Probably the biggest perk of writing a blog is that I can get books directly from the publisher. I don't make any money, but receiving review copies is certainly saves me some. It also means that I often get to read books before they're available in stores. Typically, I try to arrange my reading so that I finish a book just before it comes out, which allows me to blog about it shortly thereafter (I don't like to recommend books that aren't available in stores or the library, for obvious reasons). Anyway, every once in a while I mess up and read a great book weeks before I can write about it and then have to sit on it. Most recently, that was the case with Ami McKay's The Virgin Cure, the follow-up (but not sequel) to her 2007 novel The Birth House.
The Virgin Cure is set in the tenements of lower Manhattan (mostly in and around the Bowery) in 1871, and the title refers to the vile belief that a man could cure himself of venereal disease (especially syphilis) by having sex with a virgin (I should note that this belief continues in parts of the world, although McKay confines her story to a very specific time and place). Anyway, the story centers around Moth, a 12-year-old girl growing up in the Bowery. Her mother is a Gypsy fortune teller and her father ran off not long after she was born. They are desperately poor and their neighbourhood is rough. At least two girls Moth's age went missing and were found dead in recent memory. As typical of most cities, mere blocks away from the slums of the tenements is a street filled with rich homes, where Moth often walks and imagines a rich future for herself.

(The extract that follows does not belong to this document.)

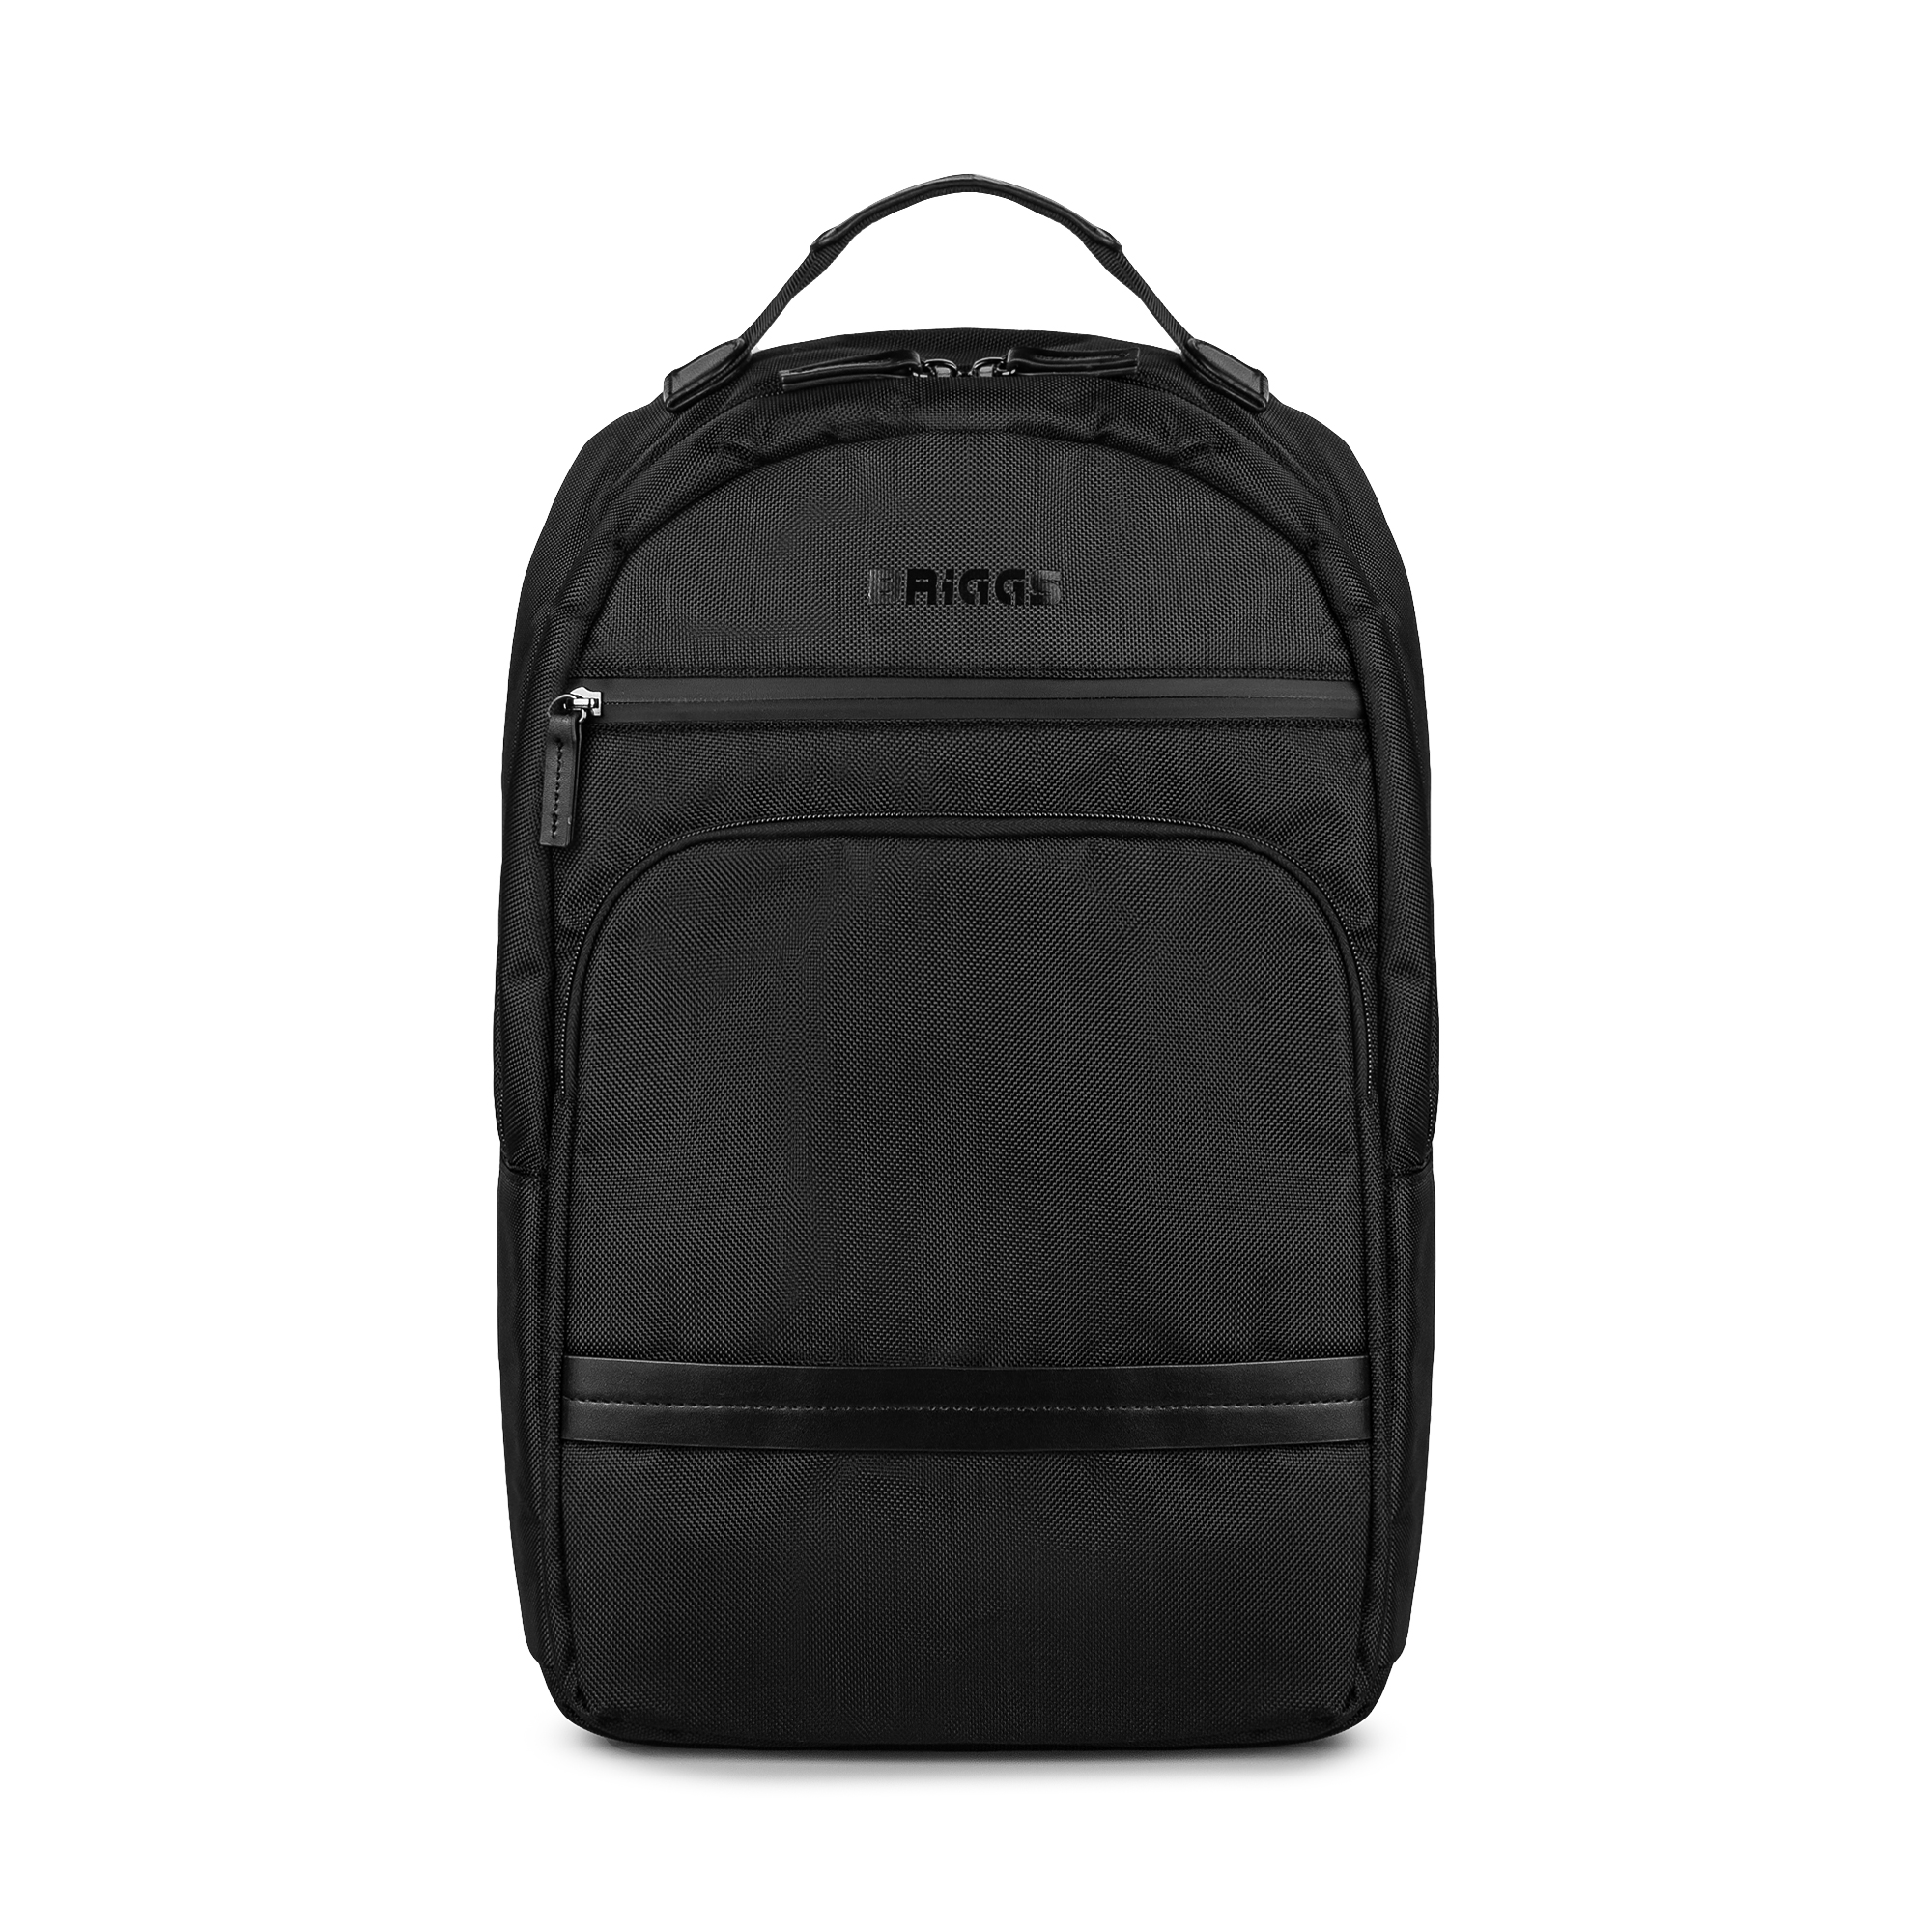 Рюкзак BRIGGS 665-22L-2402, цвет черный, размер ONE SIZE - фото 1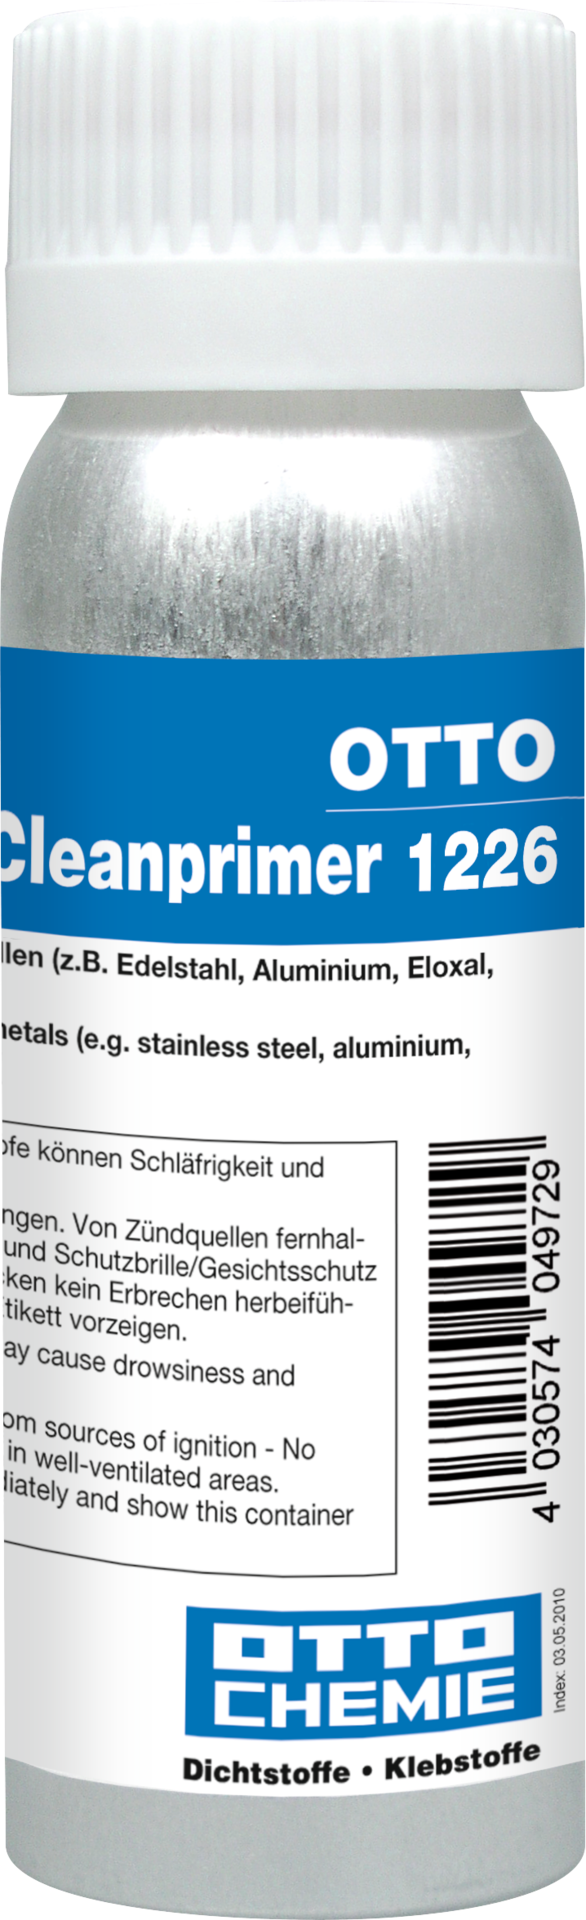 OTTO Cleanprimer 1226 - Der Spezial-Cleanprimer

One night, Moth's mother wakes her up and tells her to get her things together (not that she has much). A woman has come to take Moth away. Although she doesn't realize it at the time, Moth's mother has sold her to Mrs. Wentworth to be her personal maid. It sounds unconscionable, and Moth is confused and sleepy, but Mrs. Wentworth takes her away in a closed carriage somewhere uptown. As a personal maid, Moth is responsible for all the elements for Mrs. Wentworth's daily routine, which involves several changes of dress, reading, walking, etc. She has no experience, and although she learns quickly, Mrs. Wentworth uses every mistake as an excuse to beat the insides of Moth's arms with her lacquered fan. After a month, Mrs. Wentworth's husband is due back and, in a fit of jealousy over Moth's childish beauty, Mrs. Wentworth cuts off her braid and attacks her hands with scissors. With the butler's help, Moth escapes the house that night and goes home, only to find that her mother has packed up and moved on without her.
After some time spent begging on the streets, Moth is rescued by a very pretty girl and brought to Mrs. Everett's house. Initially, Moth is wary of being used as a servant, but she soon discovers that the house is a brothel of sorts, and Mrs. Everett sells the time and, eventually, the virginity of her young girls to well-appointed men. Moth has long understood that prostitution may be her only option, and Mrs. Everett is offering nice clothes and warm meals, so she lies about her age in order to be accepted. Mrs. Everett has a local female doctor, Dr. Sadie (based on McKay's great-great-grandmother) check the health, and virginity, of her girls, and Dr. Sadie takes a particular interest in Moth. Dr. Sadie tries to convince Moth to leave Mrs. Everett's house, but Moth understands that she is indentured, and that she will have to work off the cost of each dress and bottle of perfume purchased for her by Mrs. Everett.
Much like The Birth House, McKay combines a traditional narrative with other sources to simultaneously tell and set up the story. The straight narrative is told from Moth's perspective, but McKay uses newspaper articles, entries from Dr. Sadie's diaries, epigraphs from poetry and period guide books, and parentheses set into the side of the text, to give the story a broader feel and fill in details Moth wouldn't have known or understood. These "value-added" elements, and especially the in-text parentheses, offer all kinds of fascinating details about the clothes worn in 1870s New York City, as well as information about medical procedures, art, and even laws. Although it's sometimes distracting to have a long parentheses running down the side of the main text, they are all worth reading because little by little they place the fictional story of Moth into the real-life context that McKay's great-great-grandmother would have been living in.
It's hard to talk about The Virgin Cure without making comparisons to The Birth House, because both novels have such strong central characters, and both have so much to do with the way female sexuality was controlled by men. I devoured both books in only a couple of days, but after finishing The Virgin Cure, I woke up in the middle of the night overcome by worry for Moth, who I guess I had been dreaming about. It sounds silly now, but at the time I was so concerned about what had happened that it took me a while to get back to sleep. McKay has a way of writing historical fiction in which the story is subtly transposed to modern-day by the reader. She is not anachronistic, but the stories she tells about women and sexuality are relevant and moving, and they're stories that don't allow you to move on simply by re-shelving the book.